2.2. Frequency probability of amino acids

Any protein sequence is composed of twenty different amino acids with various frequencies starting from zero. The ability of occurrence of each amino acid Ai is determined by the formula $\frac{f (A_{i})}{l}$ where f(A _i) denotes the frequency of occurrence of the amino acid A _i in a primary sequence, and l stands for the length of an S protein [28]. Hence for each S protein, a twenty-dimensional vector considering the frequency probability of twenty amino acids can be obtained. Based on this frequency probability, the dominance of amino acid density in a given protein is illuminated.
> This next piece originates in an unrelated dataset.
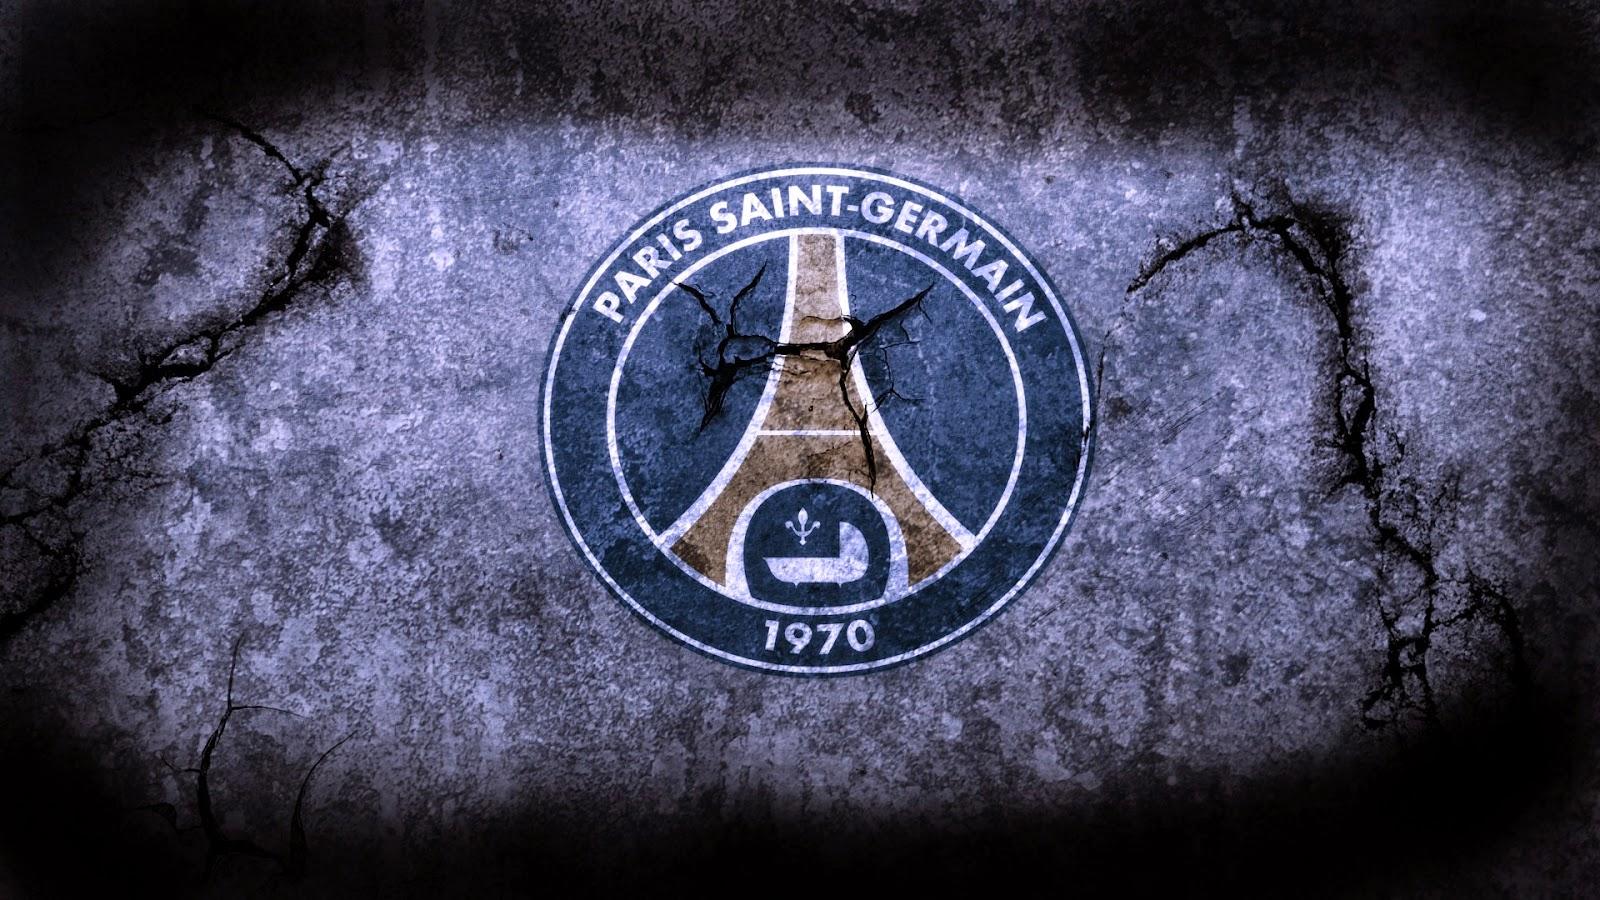 صور بريس سان جيرمان 12 صور باريس سان جيرمان ومعلومات عن الفريق الفرنسي

2.3. Evaluation of normalized amino acid compositions

The variability of the amino acid compositions of the unique S proteins from each continent was evaluated using the web-based tool Composition Profiler (http://www.cprofiler.org/) that automates detection of enrichment or depletion patterns of individual amino acids or groups of amino acids in query proteins [29]. In this analysis, we used sets of unique S proteins from each continent as query samples and the amino acid of the original S protein (UniProt ID: P0DTC2) as a reference sample that provides the background amino acid distribution. Composition profiler generates a bar chart composed of twenty data points (one for each amino acid), where bar heights indicate normalized enrichment or depletion of a given residue. The normalized enrichment/depletion is calculated as

\frac{C_{continent} - C_{origimal}}{C_{original}}

where C _continent is the content of given residue in the query set of S proteins on a given continent and C _original is the content of the same residue in the original S protein. For comparison, we generated composition profiles of disordered proteins, where normalized composition was evaluated as $\frac{C_{DisProt} - C_{PDB}}{C_{PDB}}$ (C _DisProt is the content of a given amino acid in the set of intrinsically disordered proteins in the DisProt database [30]; C _PDB is the content of the given residue in the dataset of fully ordered proteins, PDB-Select-25 [29]). In these analyses, the positive and negative values produced in the compositional profiler indicated enrichment or depletion of the indicated residue, respectively.

2.4. Amino acid conservation Shannon entropy

How conserved/disordered the amino acids are organized in the S protein is addressed by the information-theoretic measure known as ‘Shannon entropy’ (SE). For each S protein, Shannon entropy of amino acid conservation in the amino acid sequence of the S protein is computed using the following formula [31], [32]:

For a given amino acid sequence of length l, the conservation of amino acids is calculated as follows:
$SE = - \sum_{i = 1}^{20} p_{s_{i}} {log}_{20} (p_{s_{i}})$

where $p_{s_{i}} = \frac{k_{i}}{l}$ ; k _i represents the number of occurrences of an amino acid s _i in the given sequence [33].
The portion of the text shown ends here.